------ Data block ------
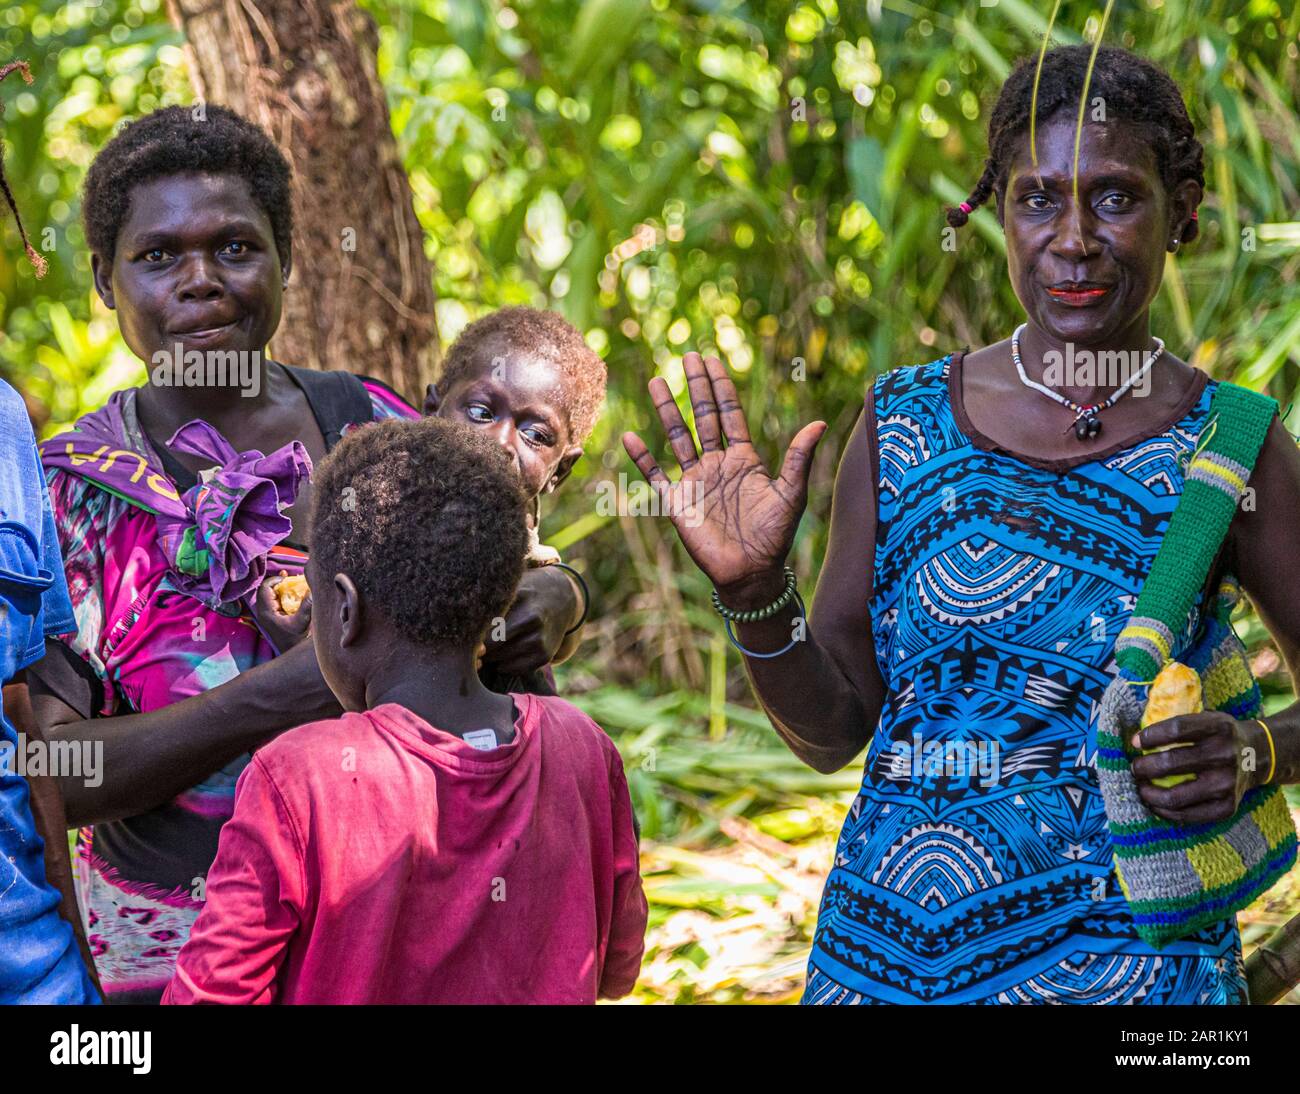 Battesimo dell'isola come benedizione da parte degli indigeni a Bougainville, Papua Nuova Guinea Foto Stock
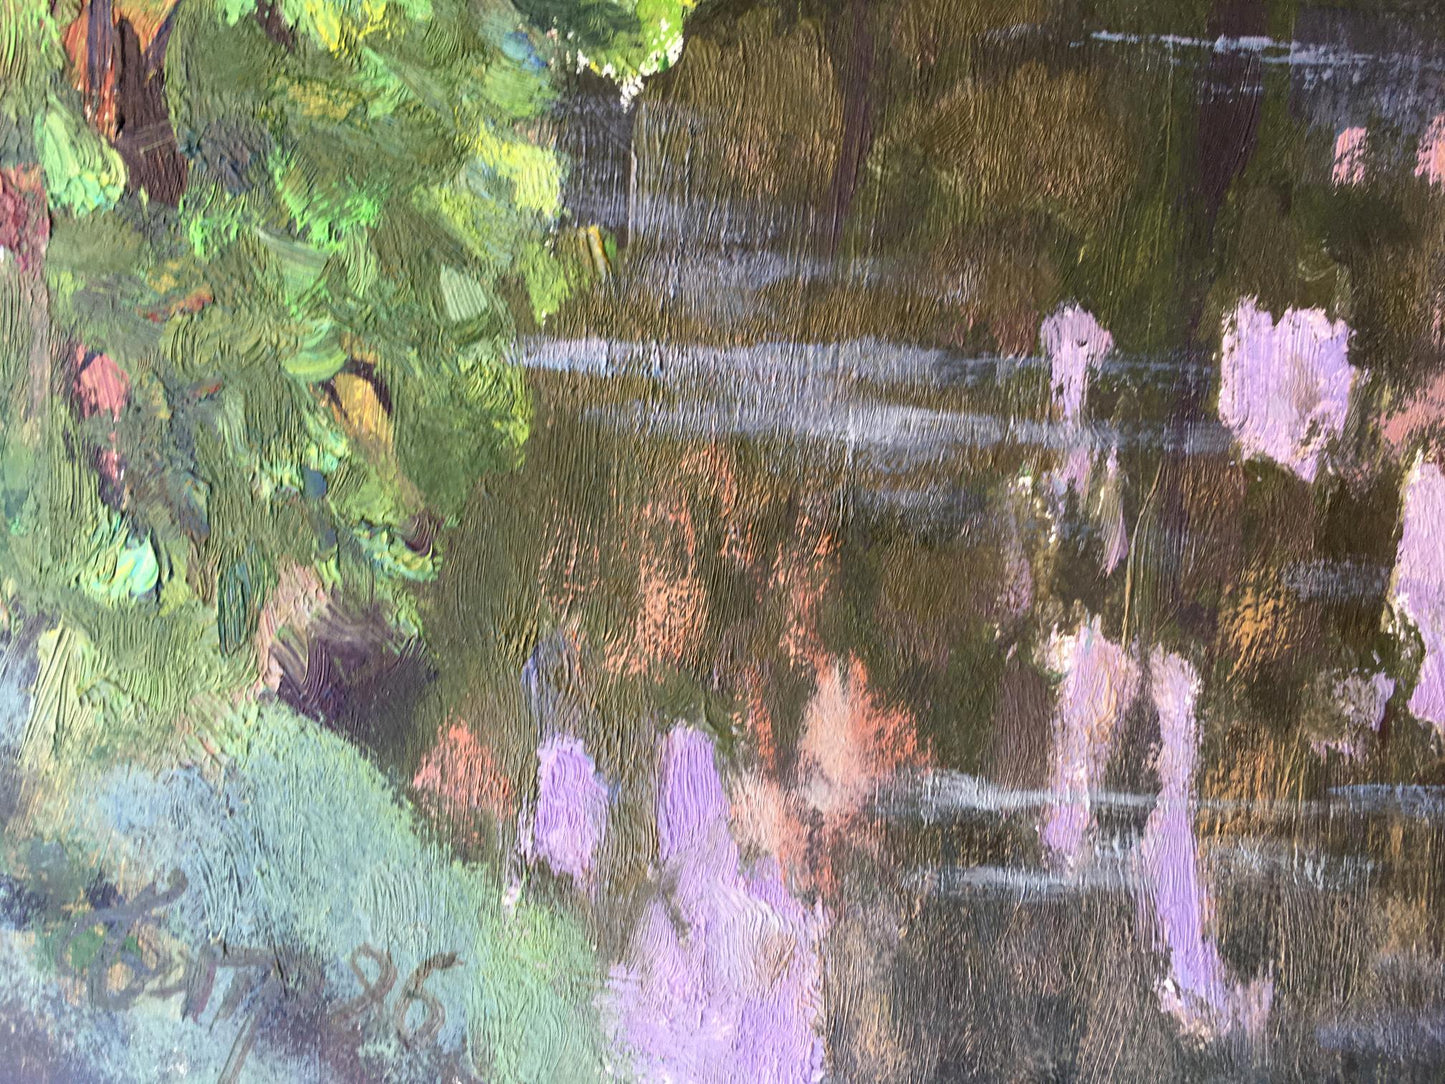 Oil painting Spring lake in the forest Vladimir Batrakov
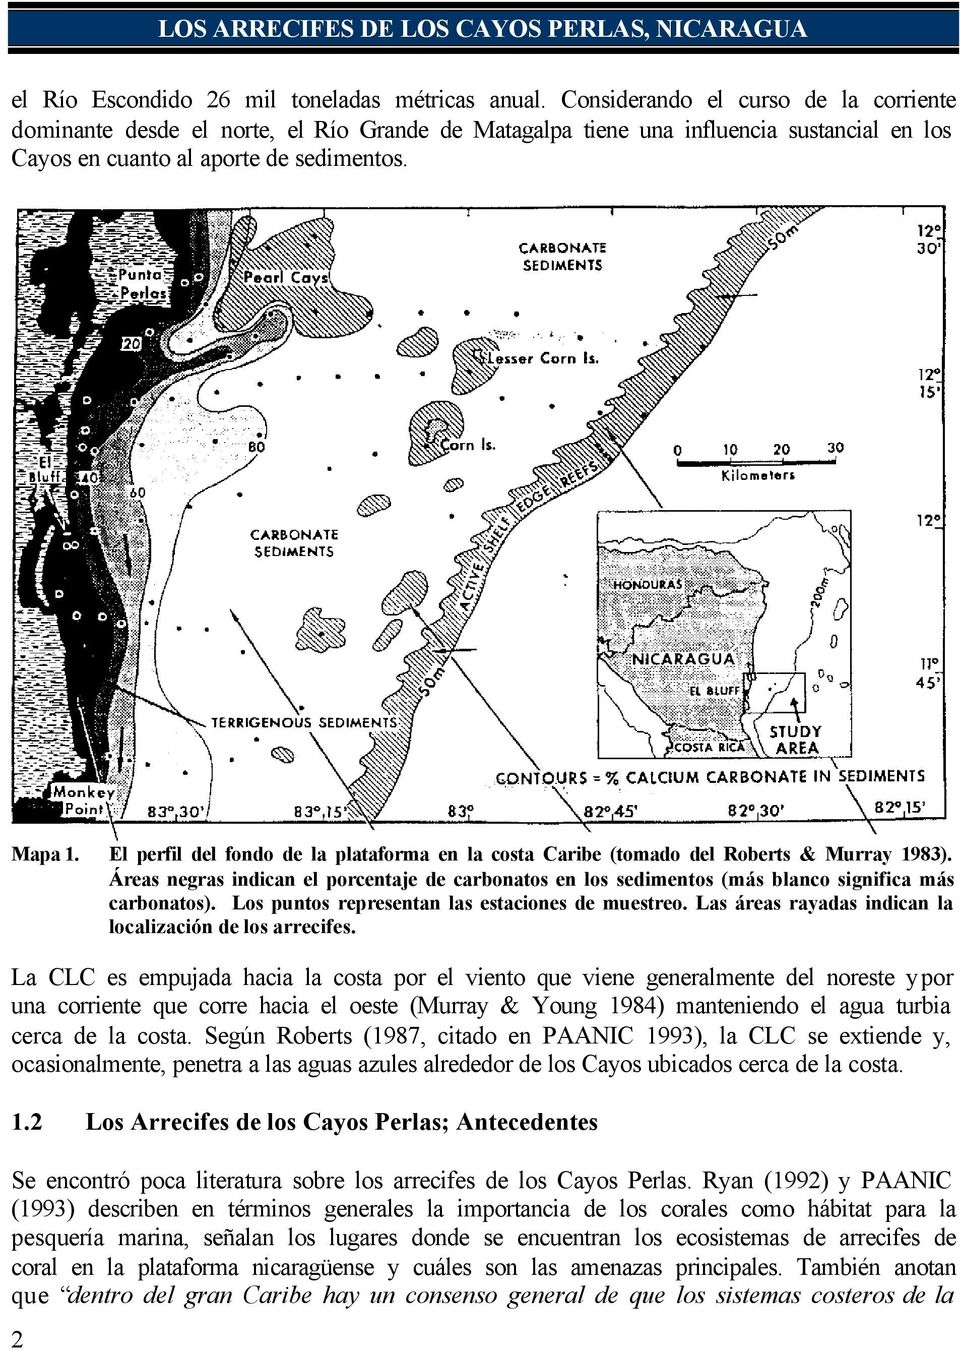 El perfil del fondo de la plataforma en la costa Caribe (tomado del Roberts & Murray 1983). Áreas negras indican el porcentaje de carbonatos en los sedimentos (más blanco significa más carbonatos).
------
• Task statement
Without including any pictures, print all of the material exactly as given.

• Exercise solution
 Battesimo dell'isola come benedizione da parte degli indigeni a Bougainville, Papua Nuova Guinea Foto Stock
 Oil painting Spring lake in the forest Vladimir Batrakov
 El perfil del fondo de la plataforma en la costa Caribe (tomado del Roberts & Murray 1983). Áreas negras indican el porcentaje de carbonatos en los sedimentos (más blanco significa más carbonatos).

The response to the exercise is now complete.